To successfully blend a one-and-done prospect into a program generally requires an established program culture, whether it’s what you might have found at Roy Williams’ North Carolina (a deep, talented lineup where the freshmen such as Marvin Williams and Tony Bradley are there to contribute and not required to dominate) or at Duke and Kentucky, where they turn over much of their team each year as five-star freshmen arrive, excel and depart.

Louisville fans need not cheer this development. It’s always nice to have great players to cheer, and not nice when the players you want show up against your guys wearing someone else’s uniform.

Kentucky already signed two five-star prospects this month -- No. 2 prospect Justin Edwards, a forward from Philadelphia, and No. 9 Robert Dillingham, a point guard from North Carolina – and four-star shooter Reed Sheppard, whose father, Jeff, was the Most Outstanding Player at the 1998 Final Four.
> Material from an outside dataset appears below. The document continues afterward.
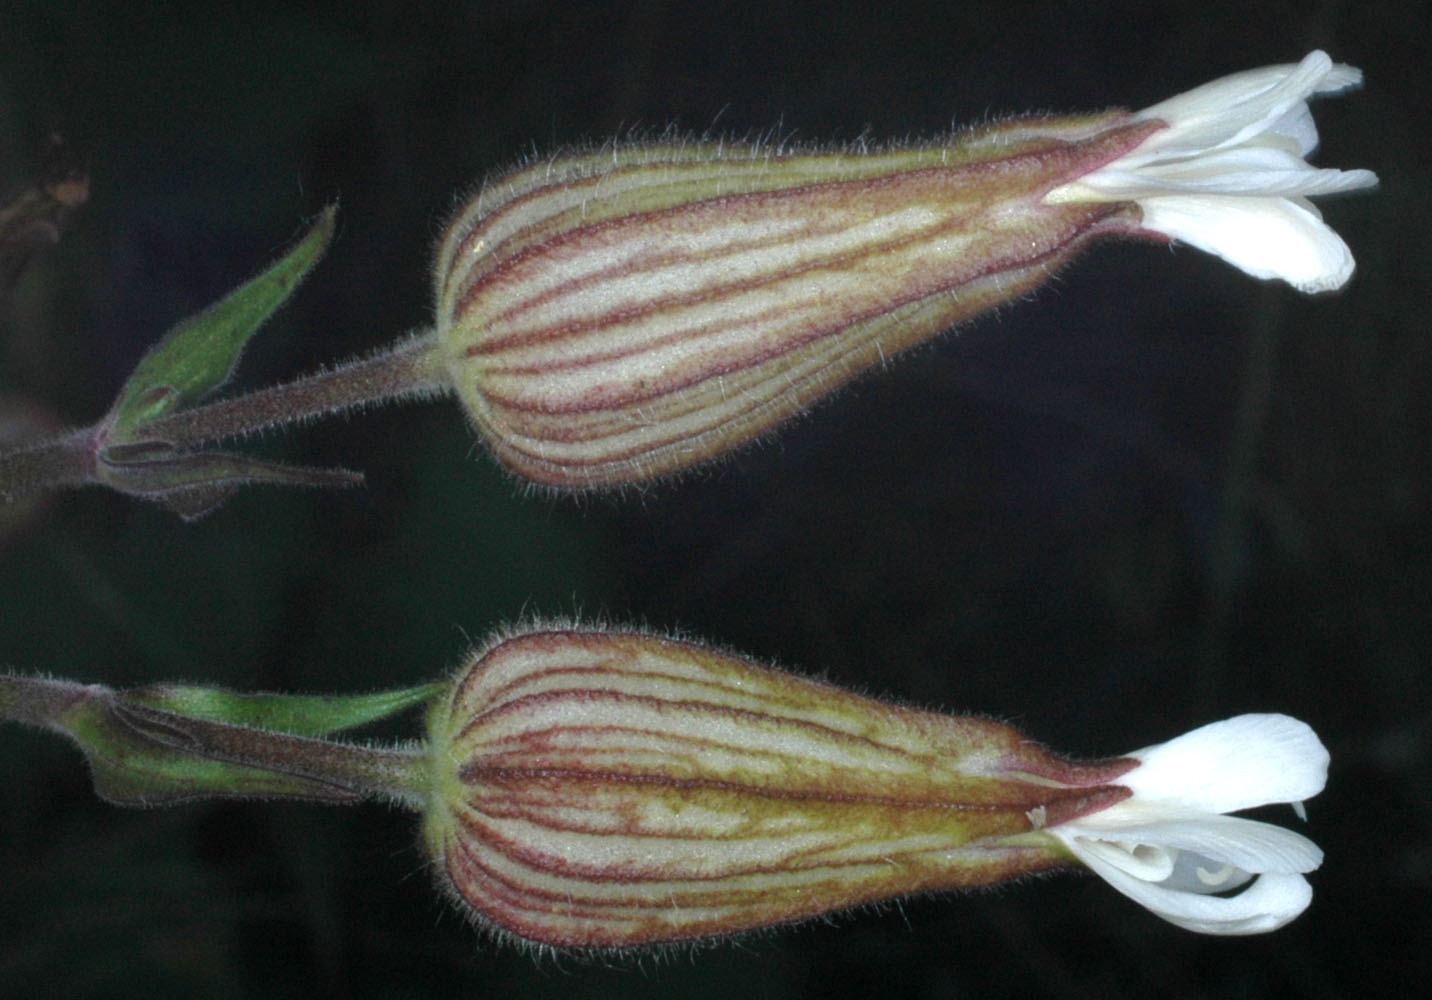 Flora of Eastern Washington Image: Silene latifolia

Aaron Bradshaw, a 7-0 footer ranked No. 6 in the class and Wagner’s teammate at Camden High, committed last month. 

Some promising young players already on the roster, including center Ugonna Onyenso and guard Adou Thiero, are positioned to provide a foundation and roster depth. Calipari has extensive experience dealing with a talent like Wagner, from how to manage his presence in the program to the necessity of recruiting his replacement before he even arrives.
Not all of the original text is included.